European shares , helped by a bounce-back in France

, forged higher and was last up about 0.5% on the day.

On Wall Street, the Dow Jones Industrial Average was little changed at 44,933, the S&P 500 rose 0.21%to 6,044 and the Nasdaq Composite rose 0.56%, to 19,324.

"Clearly, the financial issues aren't going to go away, but nor are they going to bring the house down in short order," IG Markets chief market analyst Chris Beauchamp said. "It's understandable - the risk-on move from key assets, hoping that this might lead to some kind of agreement."

The euro itself gained little respite, down 0.8% to $1.049, as the dollar got a boost from U.S. President-elect Donald Trump at the weekend, who warned BRICS emerging nations against trying to replace the greenback with any other currency.

The euro has lost some 14% in value over the last three months, in part because of concern that the health of the euro zone economy might require the European Central Bank to deliver deeper interest-rate cuts than previously expected.

France's National Rally (RN) had given Prime Minister Michel Barnier until Monday to yield to the far-right party's demands for concessions in his proposed budget or face the possibility of it backing a no-confidence motion.

In June, the premium, or spread that investors demand to hold French rather than German sovereign bonds - widely considered the benchmark for Europe - burst above 80 basis points for the first time since the 2012 euro zone debt crisis.

That spike resulted from a dismal result in European parliamentary elections which prompted President Emmanuel Macron to call a snap vote, resulting in Barnier's fragile coalition.

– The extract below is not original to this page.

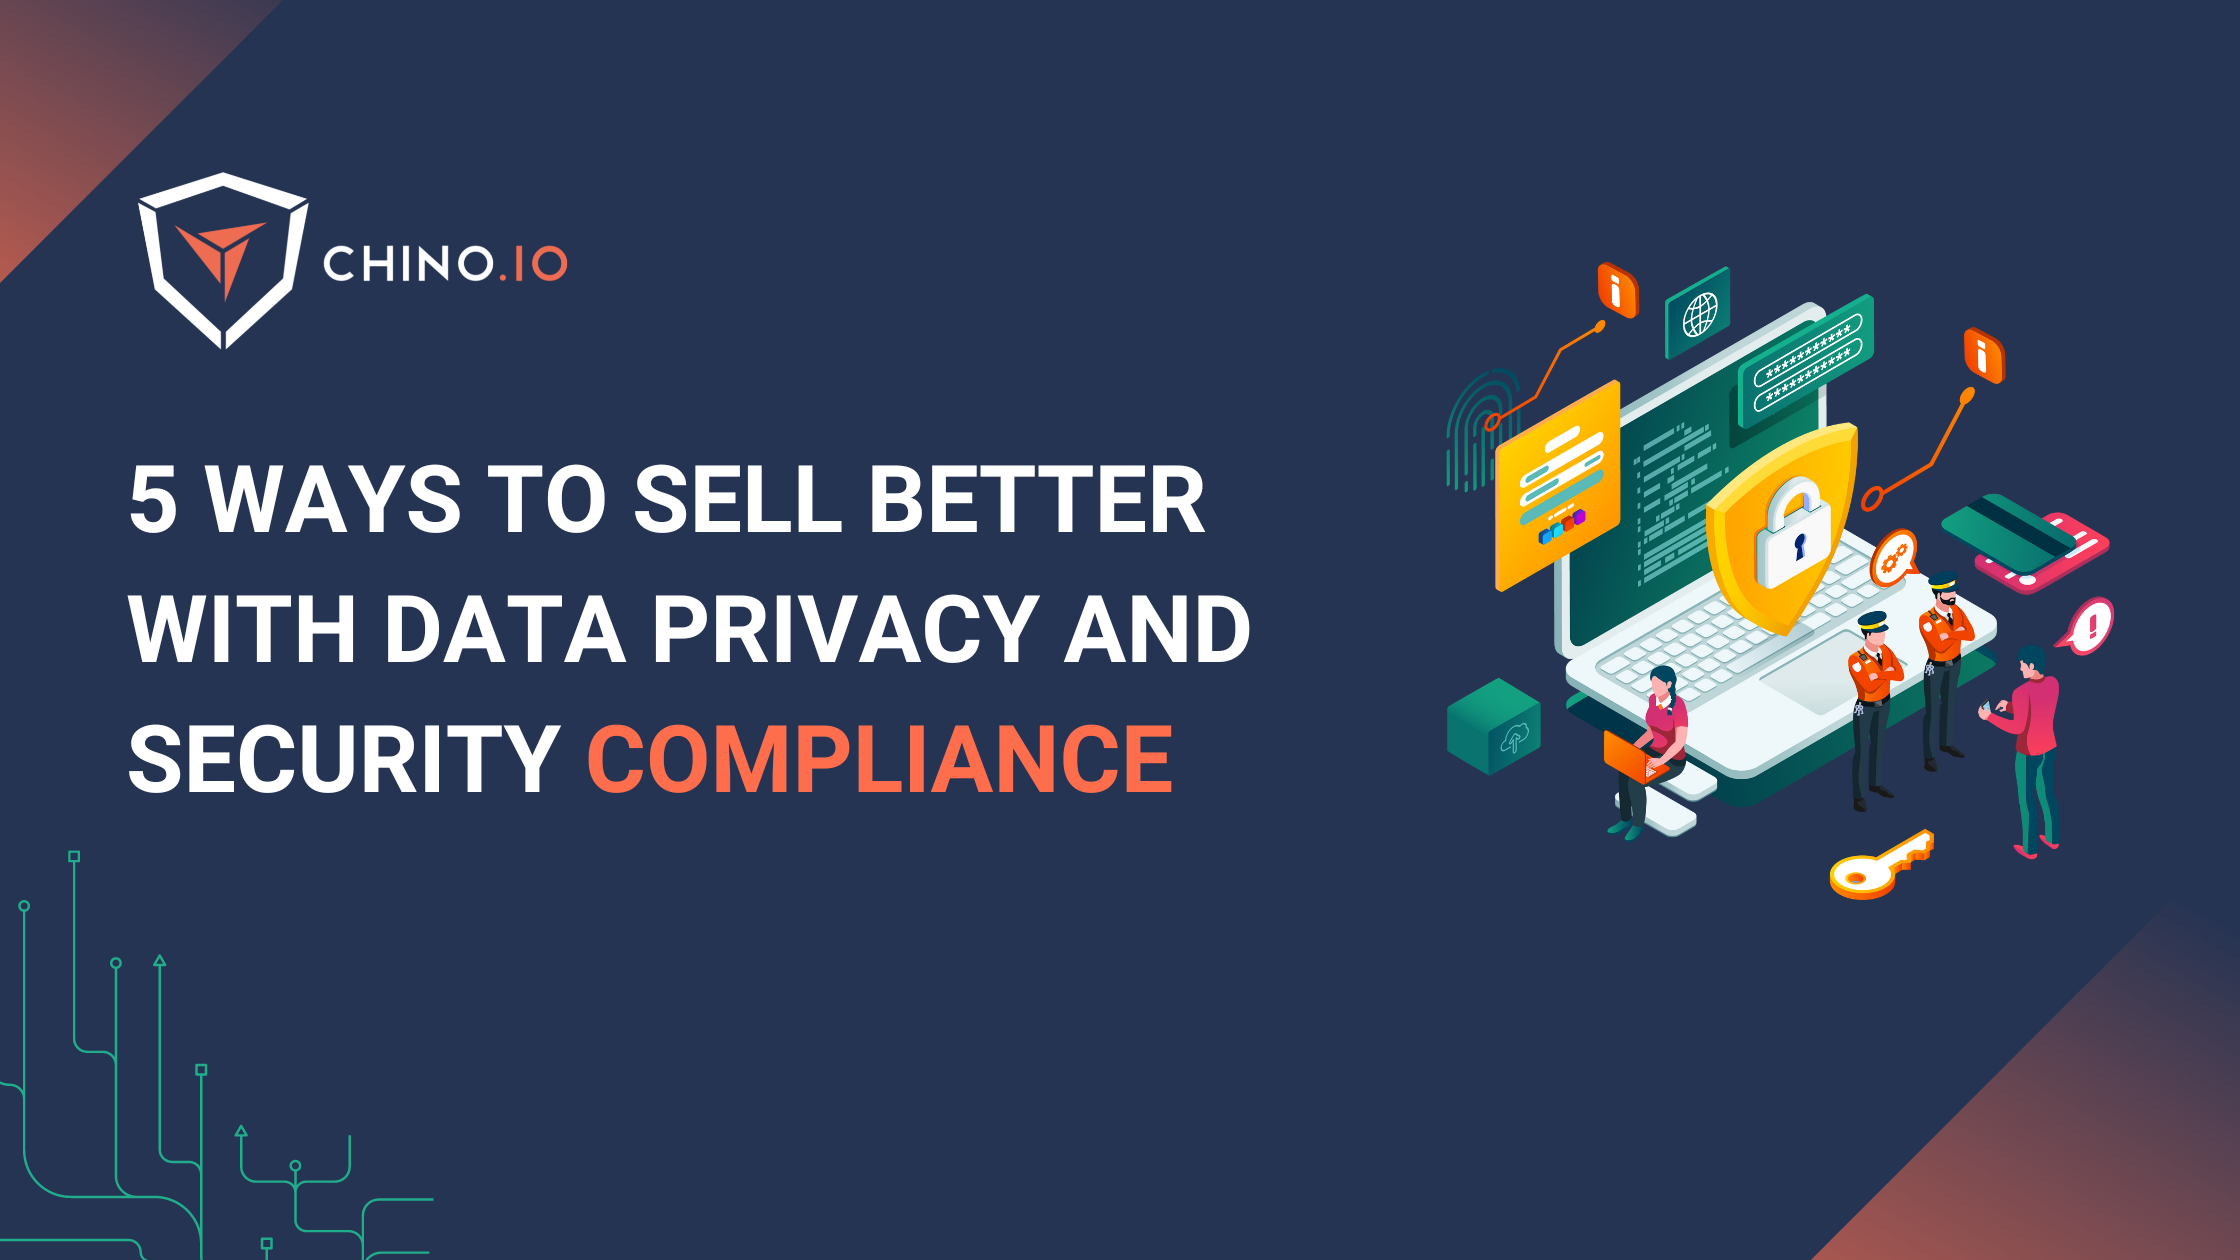 5 ways to strengthen your company’s reputation through compliance on blue background and image of data privacy measures

On Monday, the spread was around 81 bps, some 1 bp wider on the day but below the session high of 86 bps and below last week's 12-year high of 90 bps.

"Heightened political uncertainty could also play a role at the margin in keeping alive market expectations for larger 50 bps ECB rate cut this month although the hard economic data is not fully supportive," MUFG currency strategist Lee Hardman said.

DOLLAR FIRM

Beyond France, global stocks edged highe, leaving the MSCI All-World index up about 0.3%.

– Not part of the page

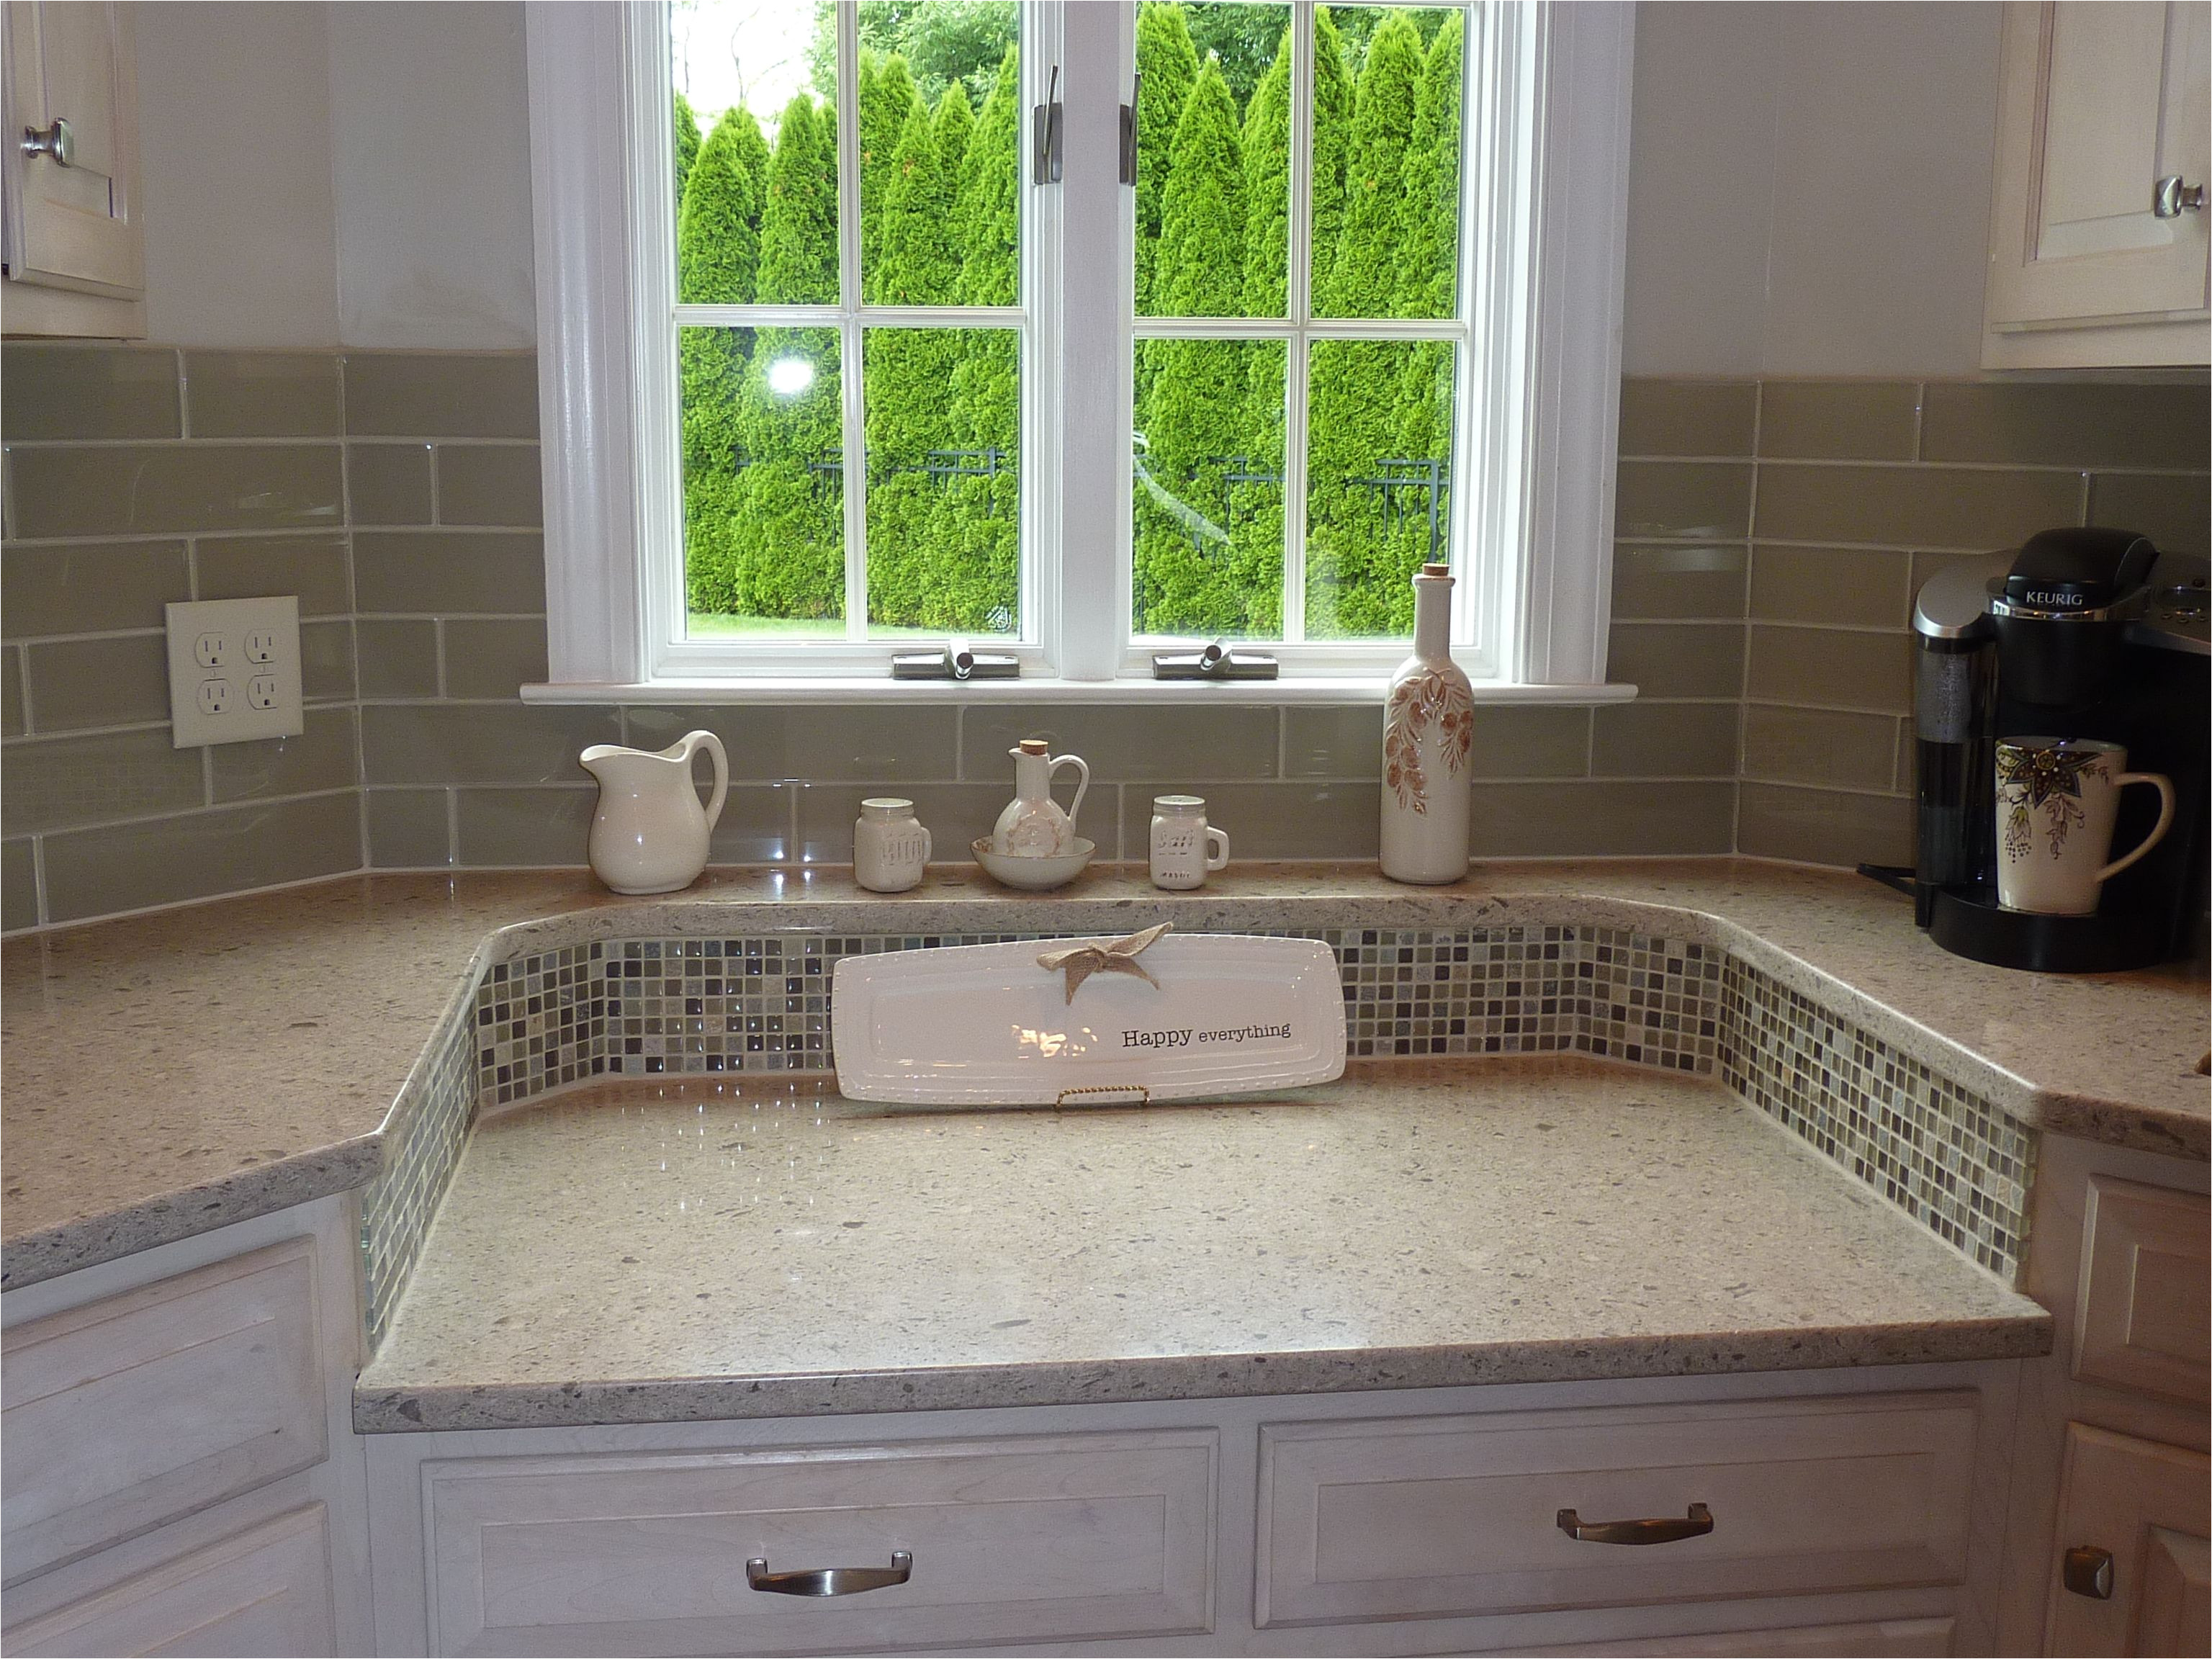 cambria darlington quartz counters bliss stone glass mosaics and bliss element earth glass subway tiles

The Federal Reserve is in sharp focus and Friday's monthly payrolls report could be the deciding factor when policymakers consider whether or not to cut rates again on Dec. 18.

A number of Fed officials are due to speak this week, including Fed Chair Jerome Powell on Wednesday. Traders put the odds of a quarter-point reduction at about 60%.

That has left the dollar index , which measures the currency against six others, up 0.4% at 106.47, having gained 1.8% in November.

In Asia, mainland Chinese shares closed up 0.8%, following a robust reading in a private manufacturing survey on Monday.

The yen , meanwhile, was steady near Friday's six-week high of 149.47.

Gold dipped 0.25% to $2,646 an ounce, under pressure from the strong dollar, after sliding more than 3% in November, its worst monthly performance since September 2023.

Oil prices rose after the Chinese manufacturing data, and as Israel resumed attacks on Lebanon despite a ceasefire agreement, which stirred up concern about potential supply disruption from the region.

Brent crude and U.S. futures were both more than 1% at $72.61 a barrel and $68.82, respectively.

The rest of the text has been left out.